Try not to look at it as giving up but postponing it. I just marked time for 10 years while the children were small. At 45 with young teenagers I divorced and kicked career into gear. 6 years later I've doubled my salary and am working at Senior level (and loving it). You really can't have it all at the same time, but you can prioritise different areas of your life at different times.

Dozer Wed 27-Jul-16 07:10:37

It sounds like, although your career has stalled, you're doing really well in the circumstances. Keep chipping away!

I've met a few women with much older DC who have revved up again at that point. Sometimes opportunities can emerge or be found unexpectedly.

Learning and development is challenging, but there are more and more free courses online (eg FutureLearn) and some breakfast networking/talk events too. Are you in any kind of womens network?

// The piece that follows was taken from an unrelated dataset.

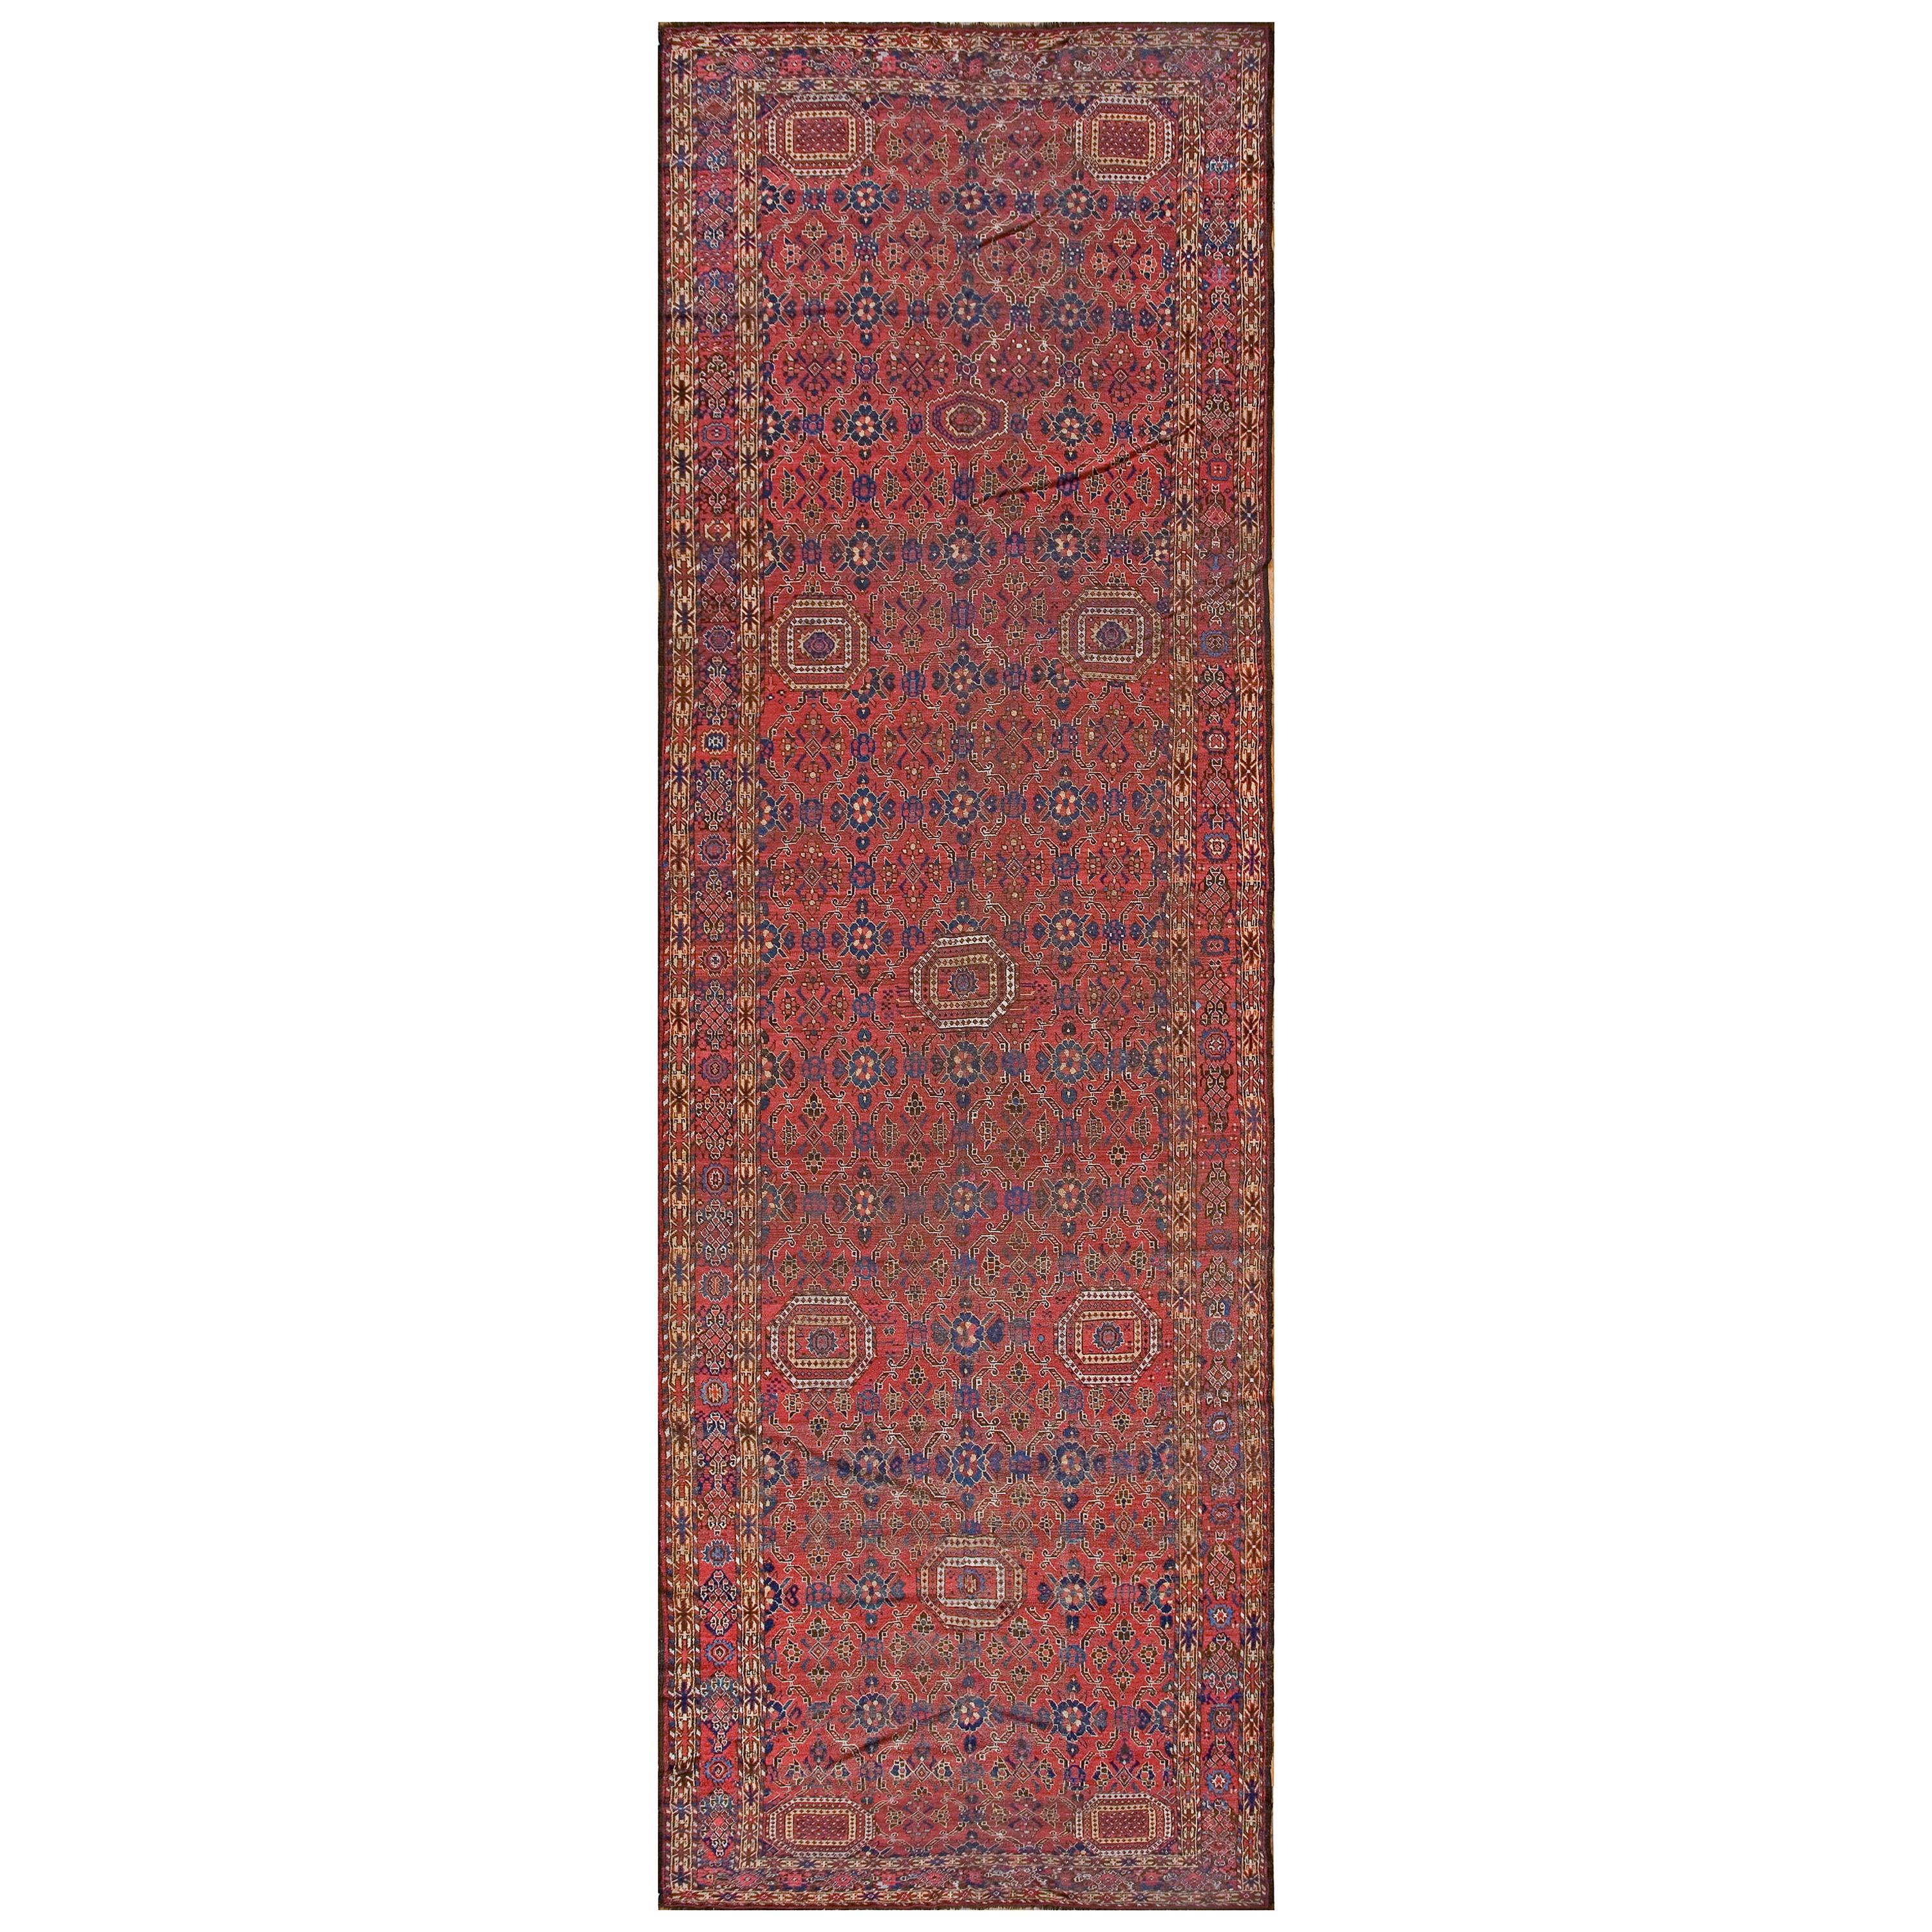 Mid-19th Century Central Asian Beshir Gallery Carpet ( 6'7" x 21'4" -201 x 650 )

I've had counselling recently about work stress, partly due to working PT and feeling there's nowhere to go: she called it a "holding pattern" and suggested trying to see the positives of my decision to prioritise the Dc at this time. And practical ways to manage my emotions. It's helped.

bibliomania Wed 27-Jul-16 09:19:59

I'm cheered by the posts about revving things up again in a few years. I was reading some gloomy stuff about being derailed again by the menopause - common sense dictates that it can't be that way for everyone! I like to think that in a decade I'll be doing exciting career stuff, and also with fond memories of less high-flying days spent with dd.

Foslady Wed 27-Jul-16 23:51:43

13 years ago pre dd I was earning £24k. Highest I've earnt since is £16k.......

KickAssAngel Thu 28-Jul-16 00:29:56

I'm married and still have had the same experience. DH is as flexible as he can be, but he has a 'proper' job (I'm a teacher, so not exactly low-pay, low-responsibility) compared to mine.

He does take days off if Dd is sick, but the long-term effects of me not being able to do the extras (conferences, extra evening events etc) still mean that I'm kind of marking time. I fully intend to just go full steam ahead once DD is more independent, and I think it will be a bit of a shock to DH. I intend to NEVEr cook an evening meal again. We can buy in food or take care of himself - I have a career to fulfill.

ChanelNo314 Thu 28-Jul-16 00:43:23

I sympathise. :=/

My career is non existent! I have a job.

DancingDinosaur Thu 28-Jul-16 00:45:31

Yep I'm with you op. Totally get it.